Looking at the chenyoufu123 code posted in the Lundin comment, reply:
ptr = (char *)malloc(block_num * size); for(k=0; k<block_num-1; k++) { *((char **)(ptr + k*size)) = ptr + (k+1) * size; } *((char **)(ptr + k*size)) = NULL;
This is still bad code, but not completely pointless, like the source code from the question. In particular, along with the comment that it is used to create a linked list from another comment.

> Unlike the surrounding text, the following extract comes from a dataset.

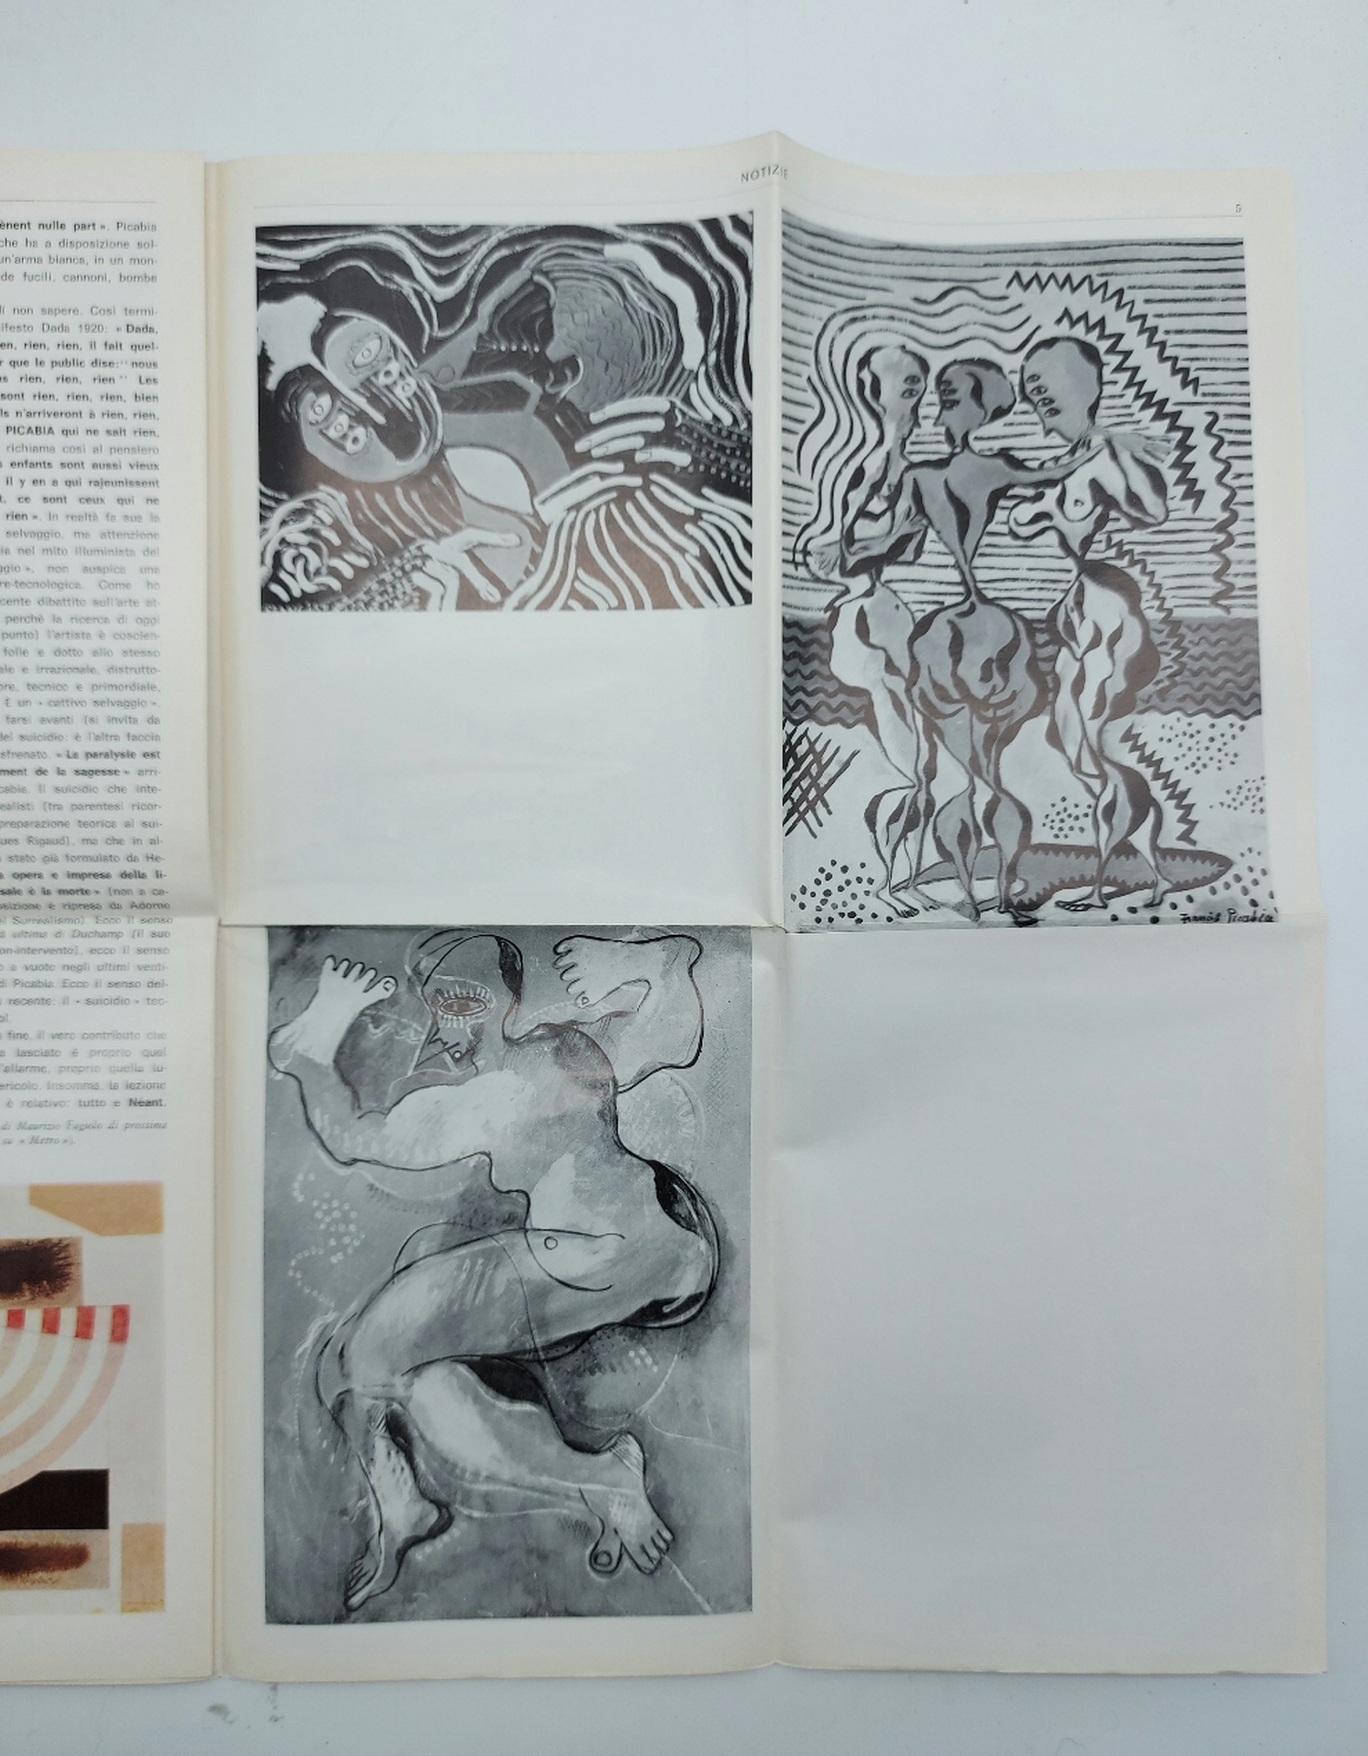 Picabia. Opere dal 1917 al 1950. Notizie 1/2 dal 10 ottobre al 15 novembre 1969

The situation - assuming the code is "correct" - you have
struct Node { struct Node *next; };
and size_t size = sizeof(struct Node); (names will be different, maybe). Then
ptr = (char *)malloc(block_num * size);
allocates memory for block_num adjacent struct Node s. You can usually distinguish this as
struct Node *ptr = malloc(block_num * sizeof *ptr);
Cycle
for(k=0; k<block_num-1; k++) { *((char **)(ptr + k*size)) = ptr + (k+1) * size; } *((char **)(ptr + k*size)) = NULL;
then reinterprets the address k * sizeof(struct Node) at the beginning of the memory block, ptr + k*size , as a pointer to a pointer (a char** , but on most PC architectures these days it doesnβt matter, since all object pointers have the same representation - if this is important, the code is violated anyway) and writes the address of the next sizeof(struct Node) memory size to this place. Since the next pointer is the first member of the struct Node , which writes the address of the next struct Node to the list, the next pointer of the current struct Node . Finally, the next pointer of the last struct Node set to NULL .
The usual way to record
struct Node *ptr = malloc(block_num * sizeof *ptr); int k; for(k = 0; k < block_um - 1; ++k) { ptr[k].next = &ptr[k+1];
not only clearer, but also has the advantage of working on platforms where char* and struct Node* have different sizes or representations.